Couples who had been married from three months to 45 years were tested on their preferences for various smells.
These included lavender, white chocolate, coffee, coca cola, cinammon, smoked meat, lemon and honey, which both partners were asked to inhale for five seconds.

The fragrances, which also include grass, turpentine, liquorice, lilac and grapefruit, were rated from one to five, from being liked a lot to not at all.

The 100 men and 100 women then had sweet, sour, salty, bitter and umami flavours sprayed into their mouths, which they rated on the same scale.

The study found taste and smell preferences were more similar in husbands and wives the longer they had been together. 

The duration of their marriage made up nine per cent of the difference in their appreciation of flavour and six per cent of their preferences for smells.

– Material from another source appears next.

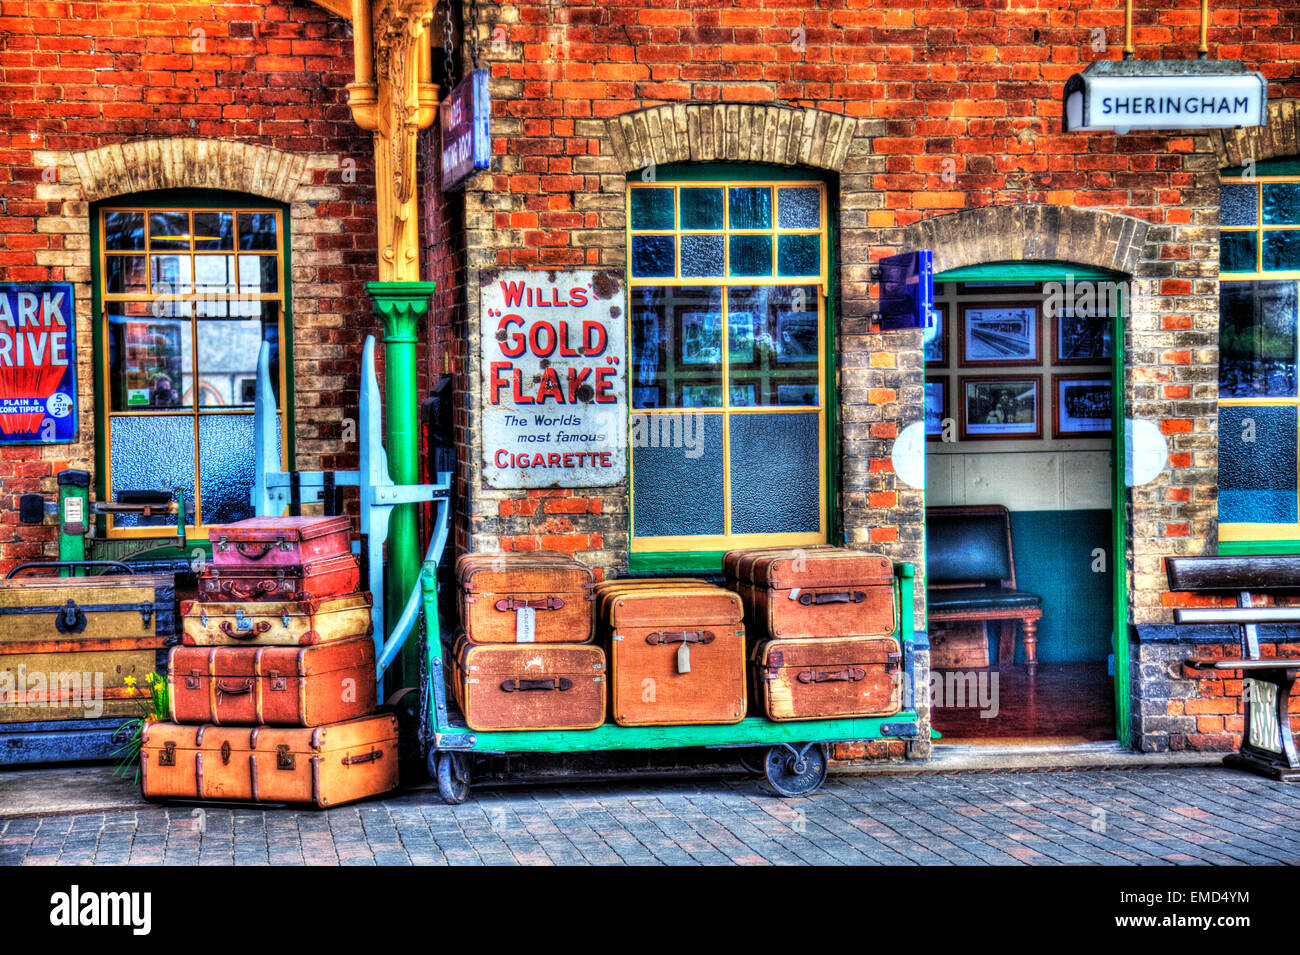 Sheringham North Norfolk uk inglaterra equipaje viaje casos maletas viejo tronco nostálgico Foto de stock

The authors, led by Agata Groyecka, wrote: 'Dining customs seem to be an important part of the romantic partners' daily routine and therefore form a substantial element of their cohabitation. 

'However, dining customs can change over time as partners constantly influence. For example, eating habits and food choices have been shown to shift during the transition from single to cohabiting/married status.'

In some cases both partners equally change their tastes, as they share the same home and go out to eat with the same friends and family members. But one partner can also try to change the other's diet, in an attempt to make them eat more healthily.

The research follows previous evidence that married couples become more alike in personality and their appreciation of life over time, even beginning to mimic each others' facial expressions.

However liking the same smells was found not to make couples happier together, as these people actually reported lower relationship satisfaction.